Because MS gets its feelers into every aspect of life - health, family, relationships, work, money, duties and commitments, future planning etc etc - it can sometimes feel that the problems are coming at us from all directions. It does sound a bit as though you are having one of those moments; I really feel for you. It is filtered word scary, as you say.
Might it help to think in terms of identifying the things that are (potentially) easiest to fix? (If you have been through this a million times - and I am sure that you have! - my apologies for trying to teach granny…) If you can get a handle on the fixable things, that frees up some thinking space for finding the best way to manage what isn’t fixable. Getting to the root cause of the back pain would be a good start. As I expect you have found already, having MS can make it particularly difficult to pin down what is neurological and what isn’t. Specialist doctors are notoriously bad at communicating across specialism boundaries. But time and patience (yours) spent on getting to the bottom of it could be time well spent.
The only other thing I would say is that your wife has her own road to travel when coming to terms with your dx. A very, very common reaction from loved ones is for them to pretend that all is well and it is all right really.
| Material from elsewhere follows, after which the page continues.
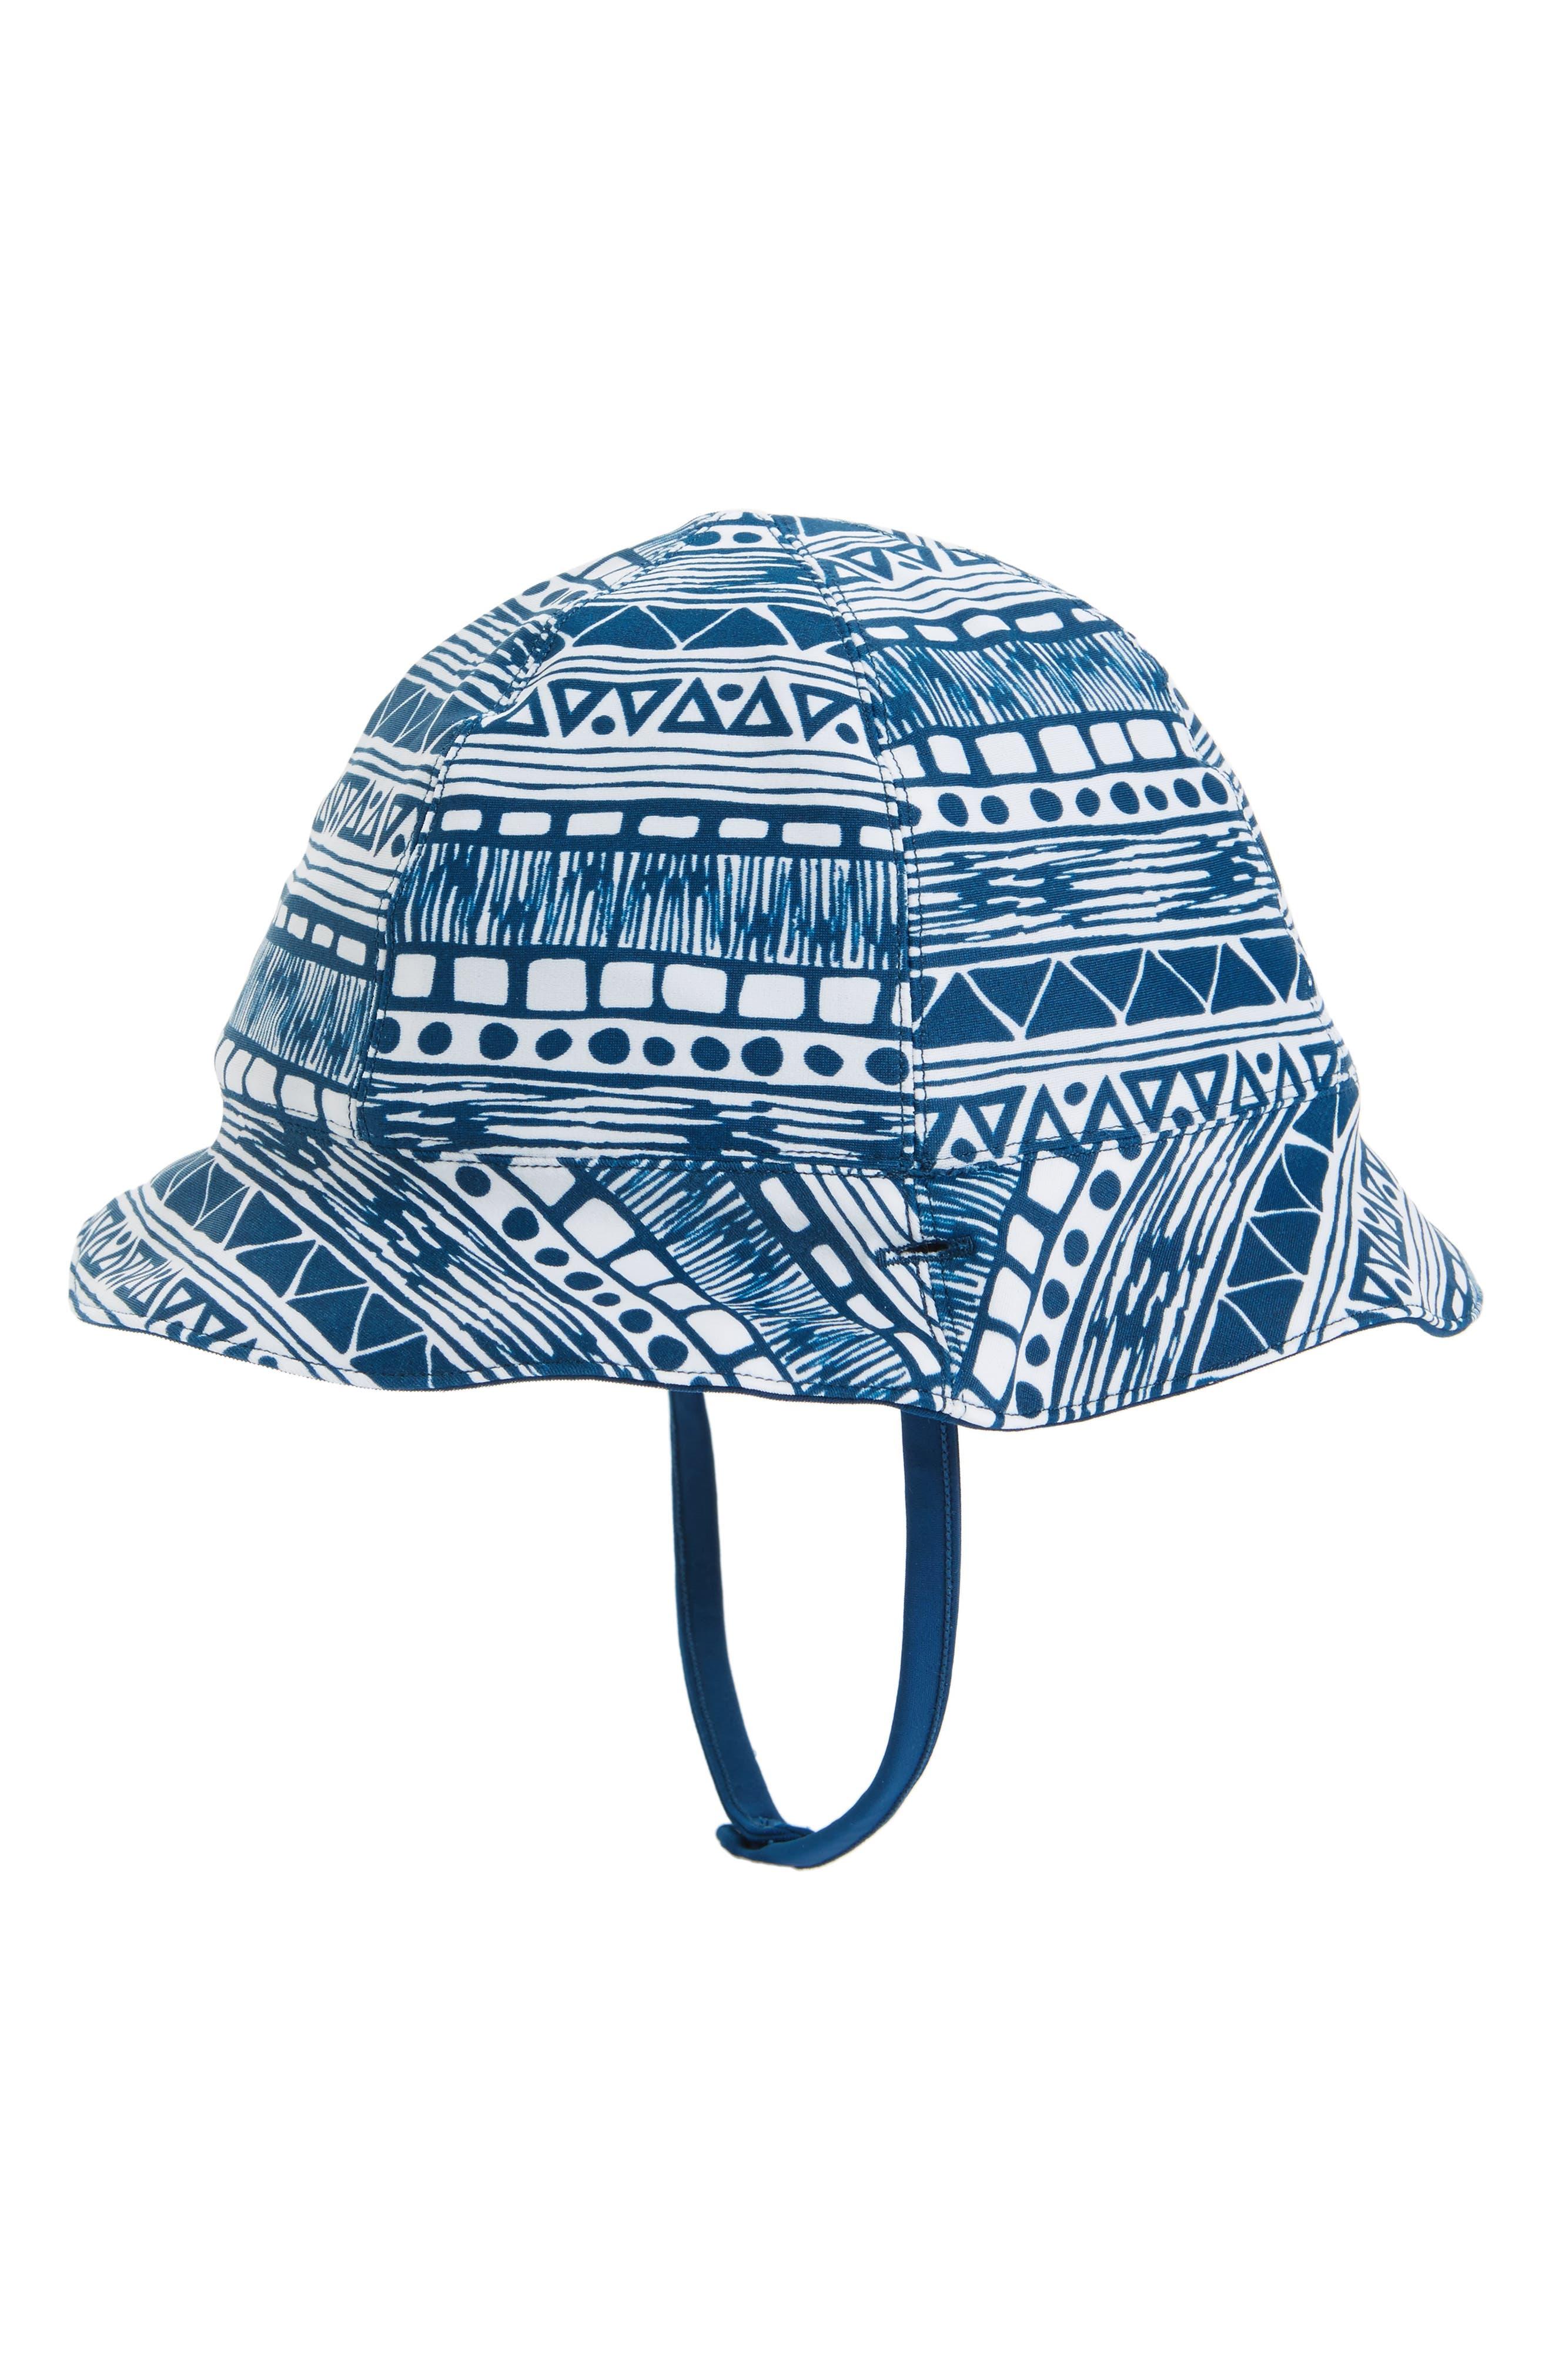 Tucker + Tate Reversible Waterproof Bucket Hat

Another common reaction is to catastrophize and rush around tearing hair out and wailing that their spouse is going to be an invalid in a fortnight and you will all be out on the streets and boiling up gravel for soup. At least you are spared that one, by the sound of it, so be thankful for small mercies! (Sometimes, confusingly, it can alternate between the two, so you’re not out of the woods yet…) Seriously, though, it is very usual for people with MS to feel that their spouse is playing things down - if only for their own psychological protection - and that can leave a person feeling very unsupported by the very person whose support matters most. Just give it tims and try not to let it hurt you. This is difficult stuff for everyone. It does not mean that she doesn’t believe you - more likely that she just wishes it were not true (as do you, of course).
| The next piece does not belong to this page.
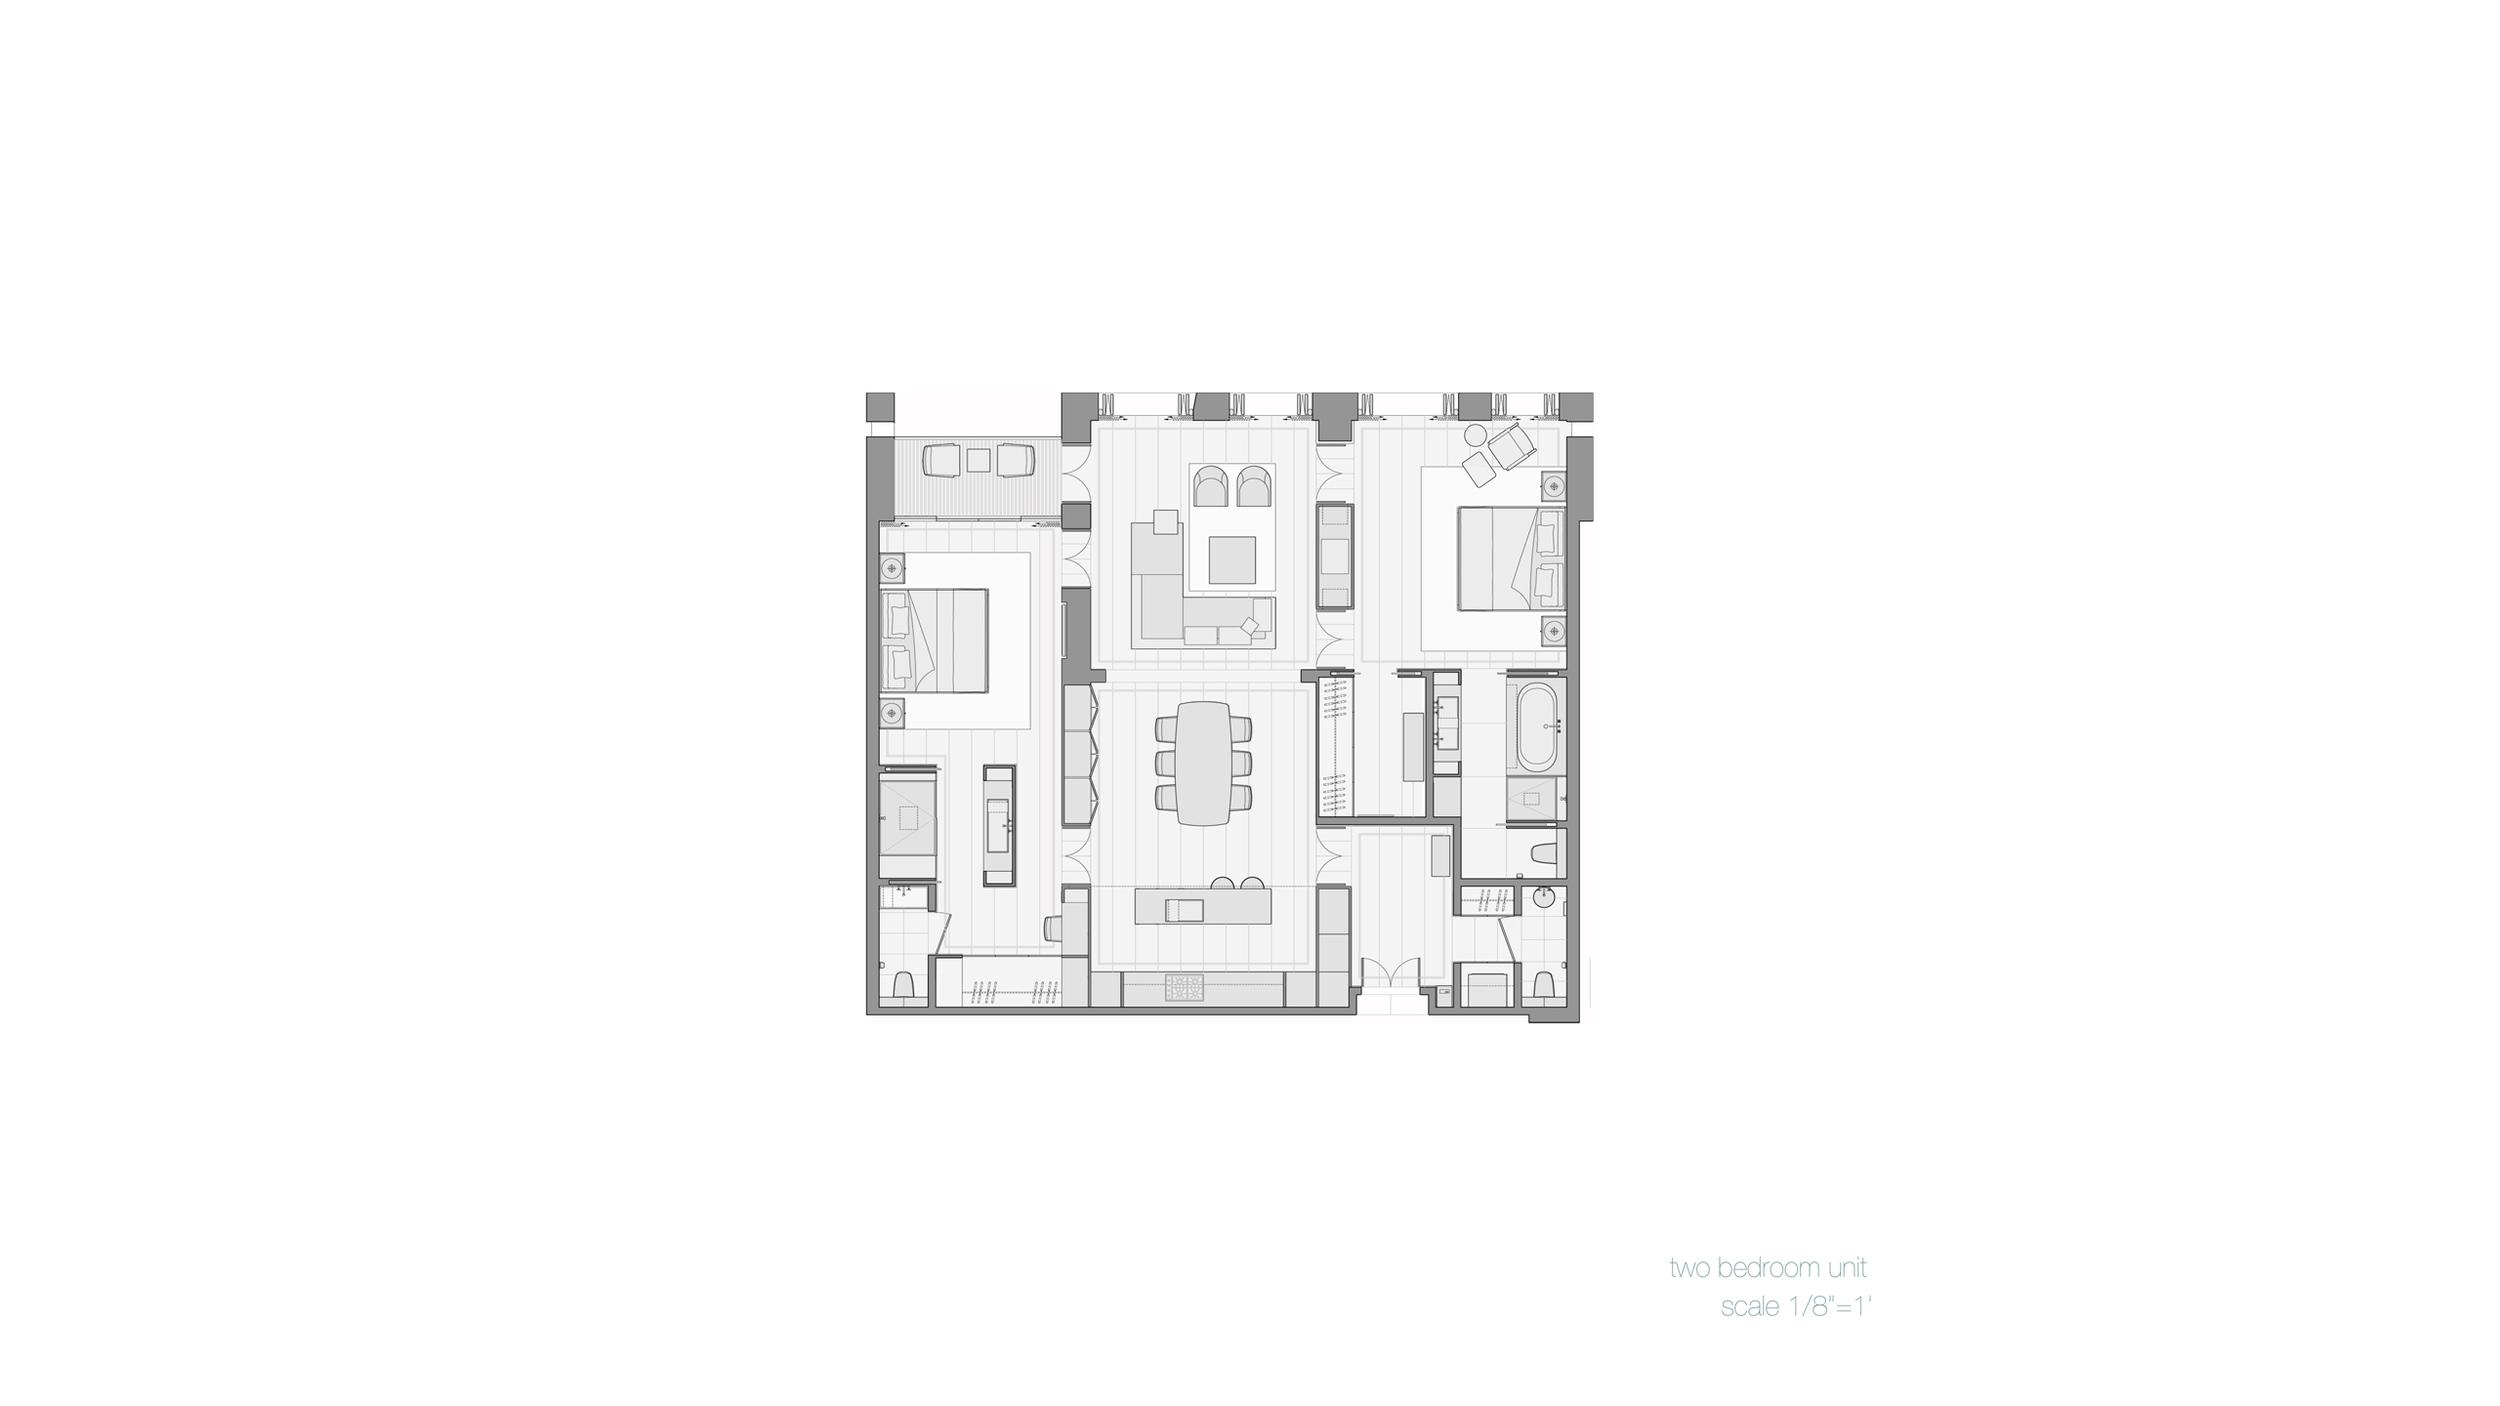 Plan, 2 Bedroom Unit

Good luck with the MS nurse. Will you be discussing disease modifying treatments? I hope so. You should also be able to get advice on medication to help with the symptoms you have already, if you have had no joy from the GP. Most GPs are not very clued up about MS, and they do not all go to much trouble to remedy that. I hope you have a good GP - they are a real blessing for a person with MS. You might well need to chase up appointments and keep gently chivvying away if things are taking too long. Patience is not a virtue when trying to extract appointments from the NHS.